_Problem requirements:_
Begin at the line where "White Ash Season 2 #0 FCBD 2021 Edition" appears and reproduce exactly every line through the end of the data below, both included, skipping pictures.

_Data below:_

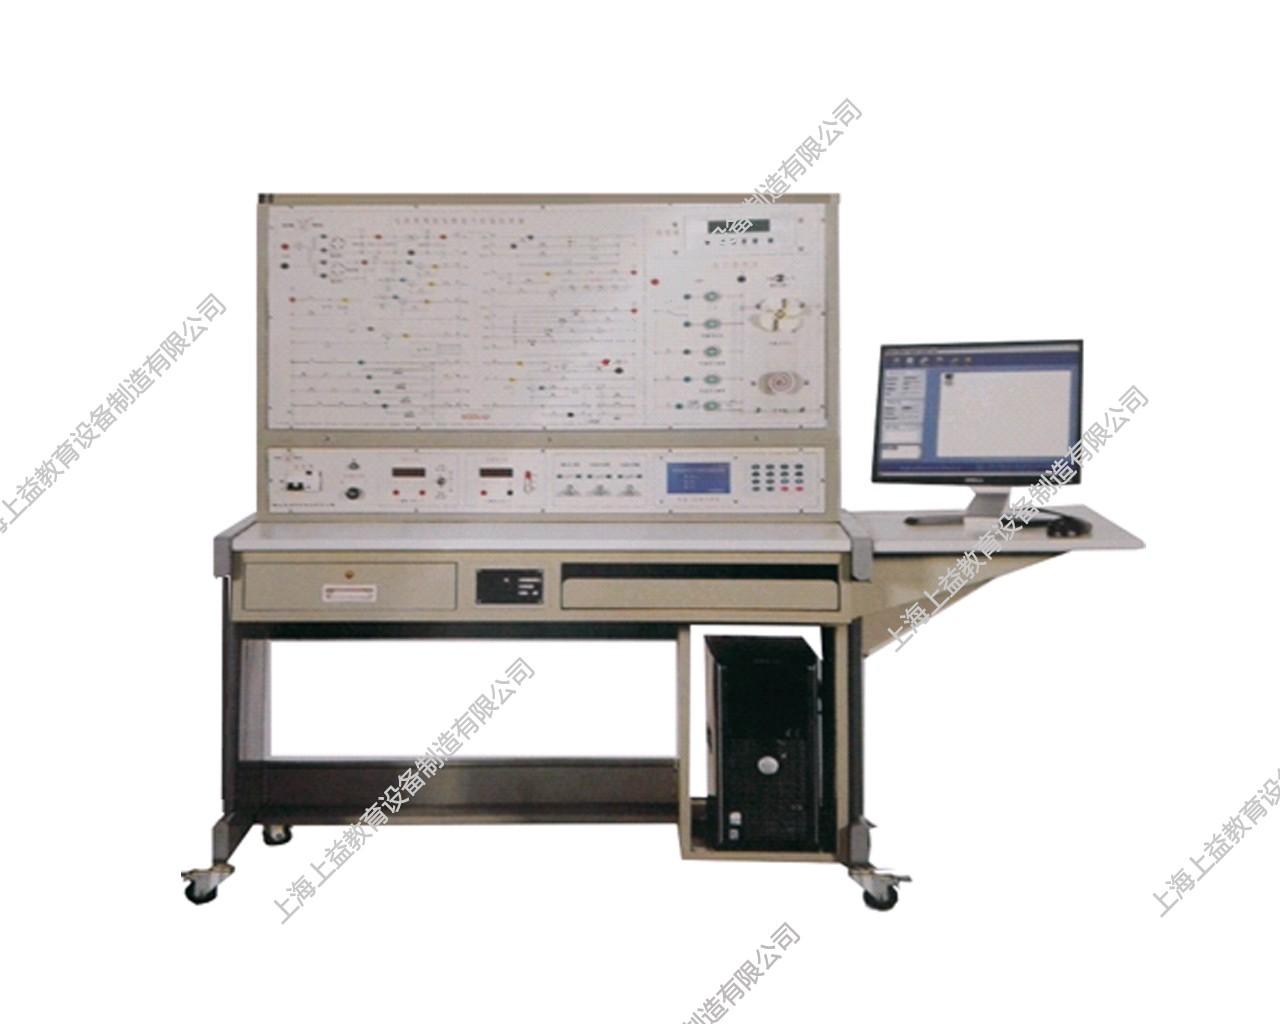 SYZLRX-08E型 家用电冰箱智能温控电气wwwlehu8viplehu68vip装置(无霜)
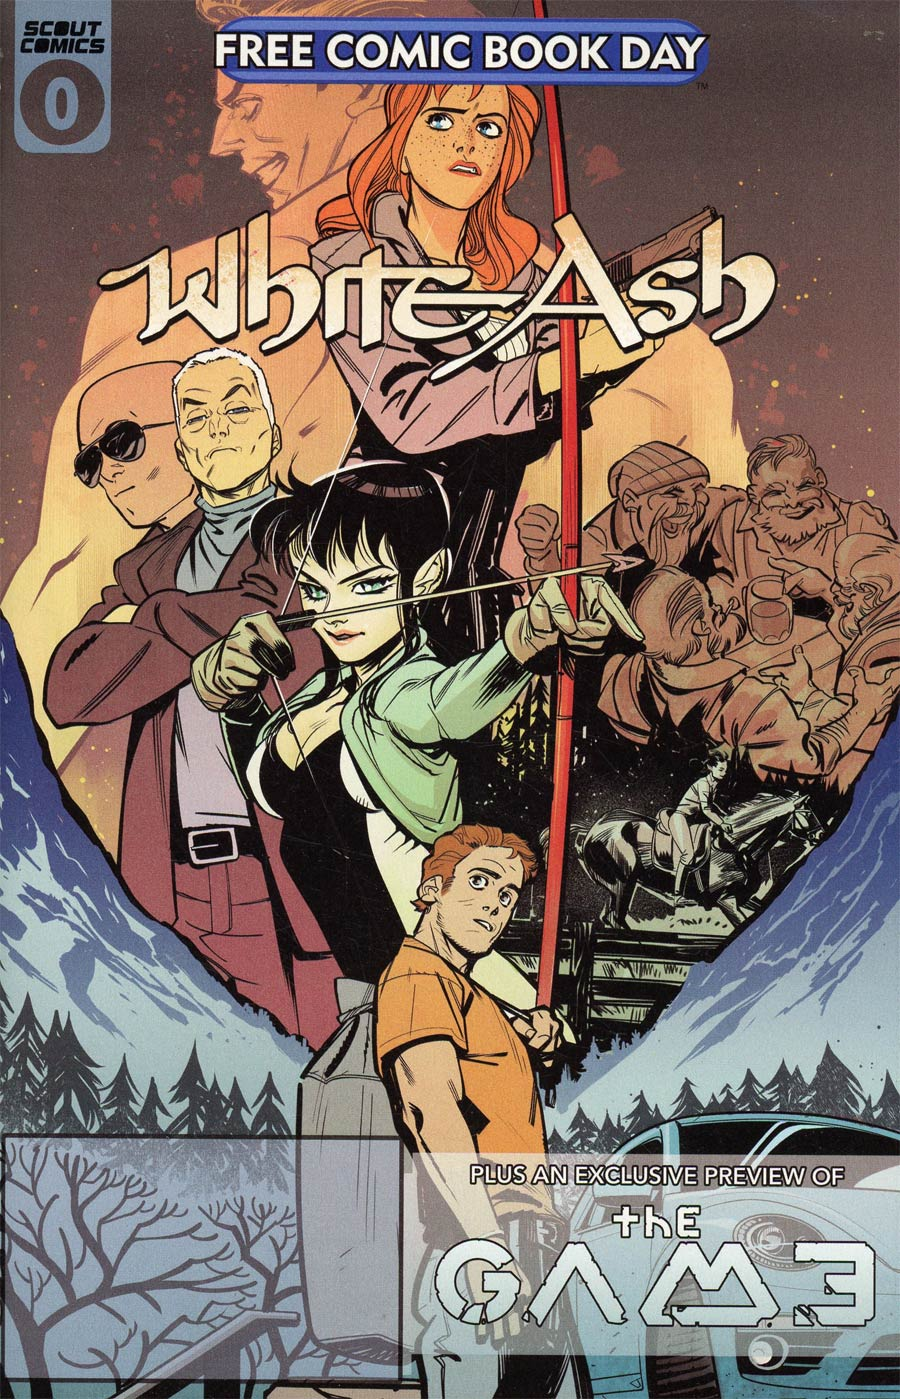 White Ash Season 2 #0 FCBD 2021 Edition
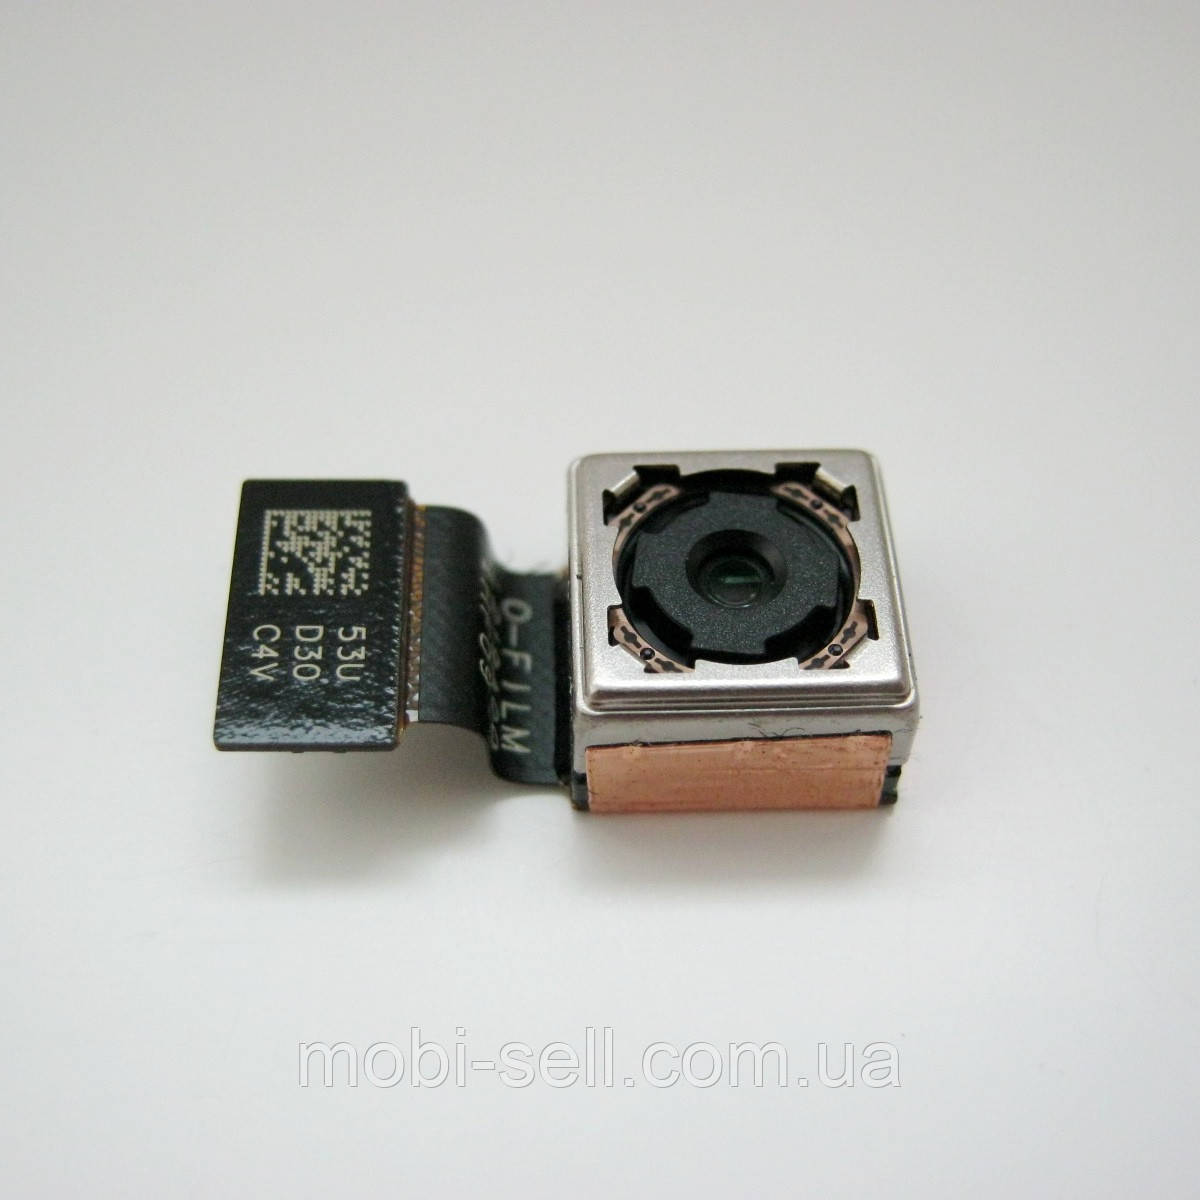 Lenovo A5000 камера основная 8 Мп p.n.: O-FILM L219A00 1HF 09 (запчасти, Б/У, разборка)

_Solution for this problem:_
 White Ash Season 2 #0 FCBD 2021 Edition
 Lenovo A5000 камера основная 8 Мп p.n.: O-FILM L219A00 1HF 09 (запчасти, Б/У, разборка)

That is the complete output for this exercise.